▶ _Data extract_

'''

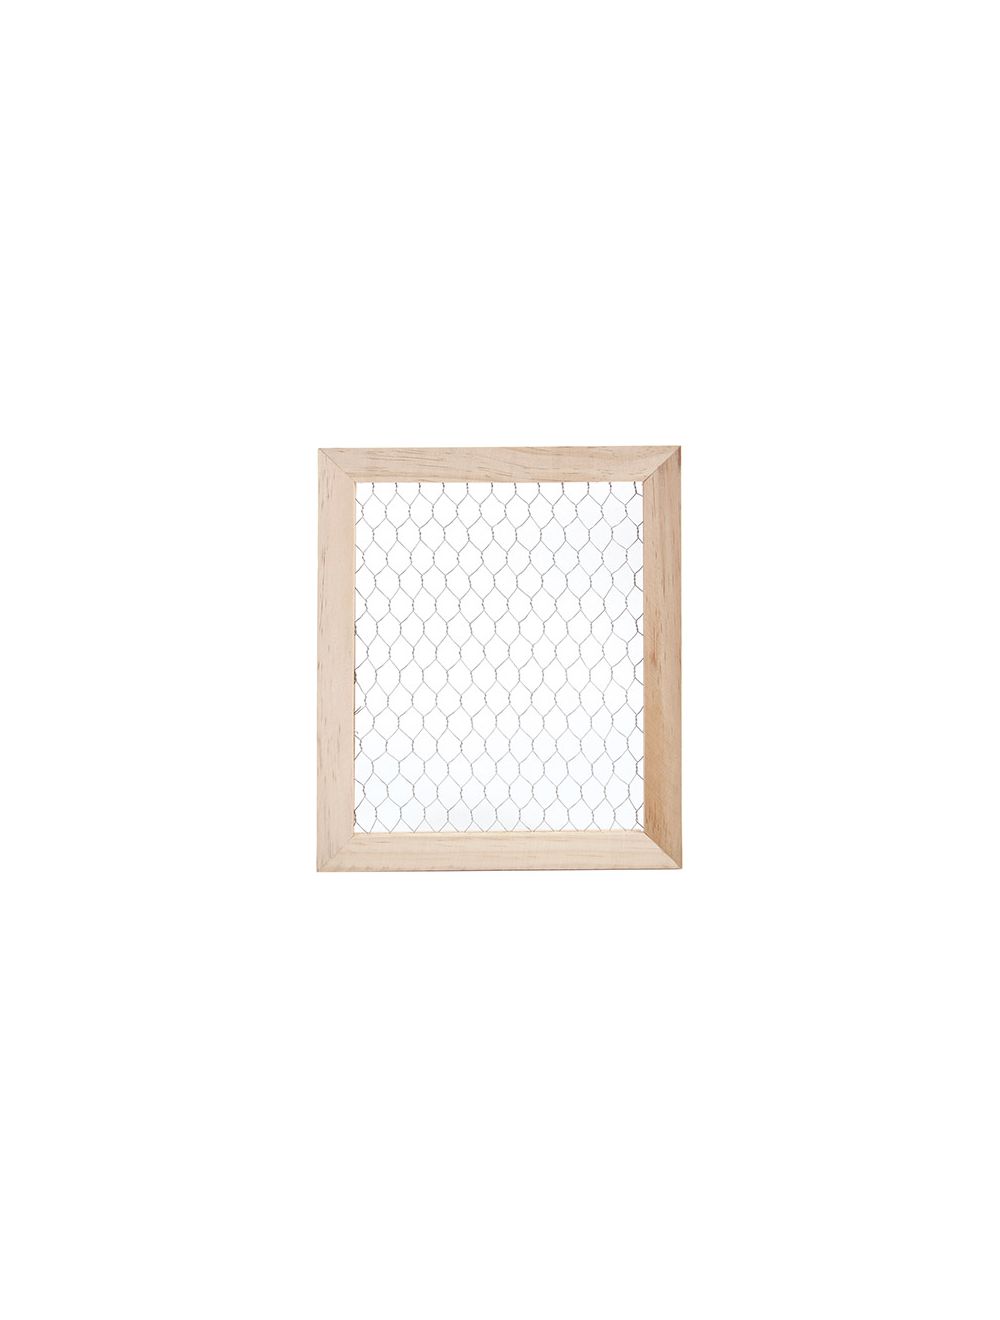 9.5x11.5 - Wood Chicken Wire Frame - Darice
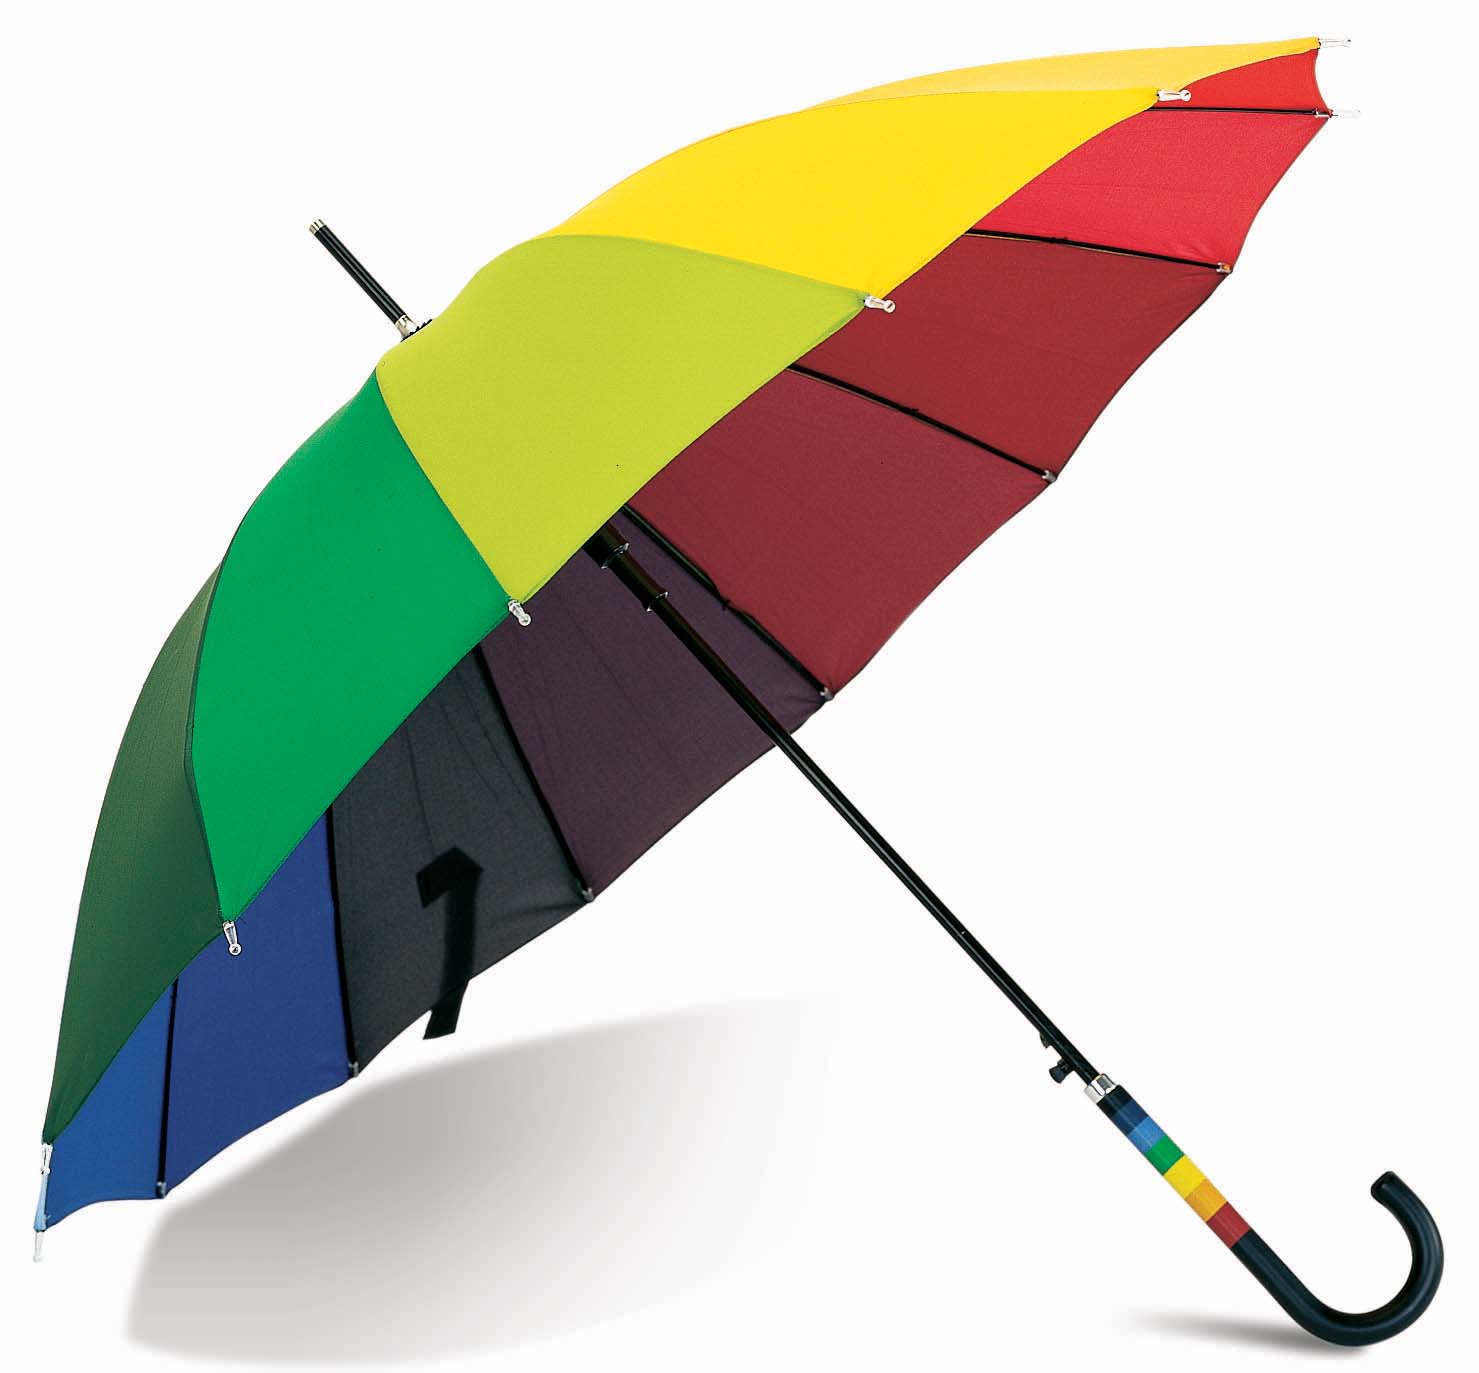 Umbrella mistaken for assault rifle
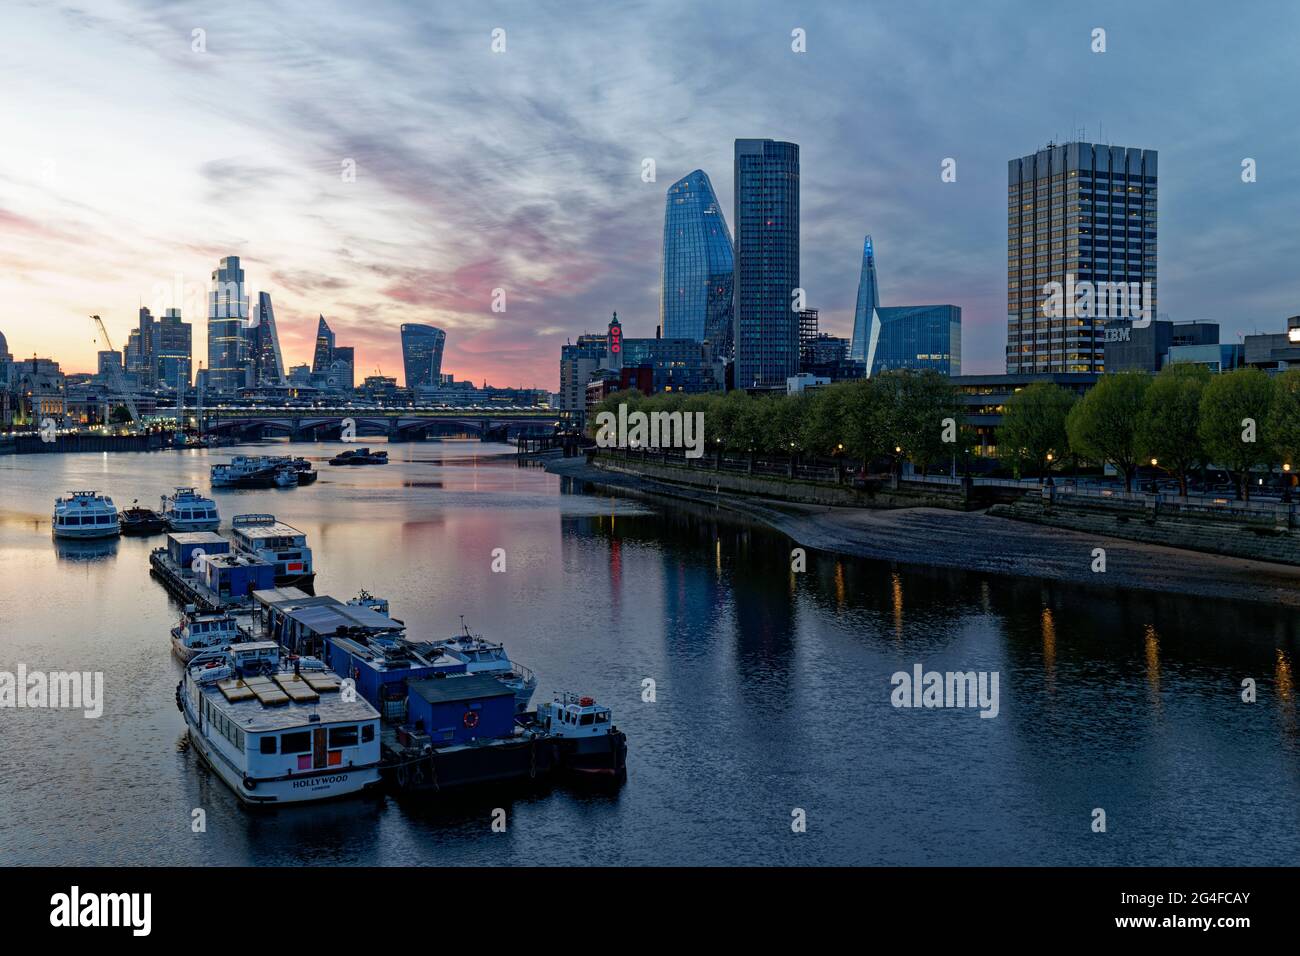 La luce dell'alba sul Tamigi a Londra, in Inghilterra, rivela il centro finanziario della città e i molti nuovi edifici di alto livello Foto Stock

'''

▶ _Exercise_
The entire listing above, word for word and without pictures, is what should be output.

▶ _Your solution_
 9.5x11.5 - Wood Chicken Wire Frame - Darice
 Umbrella mistaken for assault rifle
 La luce dell'alba sul Tamigi a Londra, in Inghilterra, rivela il centro finanziario della città e i molti nuovi edifici di alto livello Foto Stock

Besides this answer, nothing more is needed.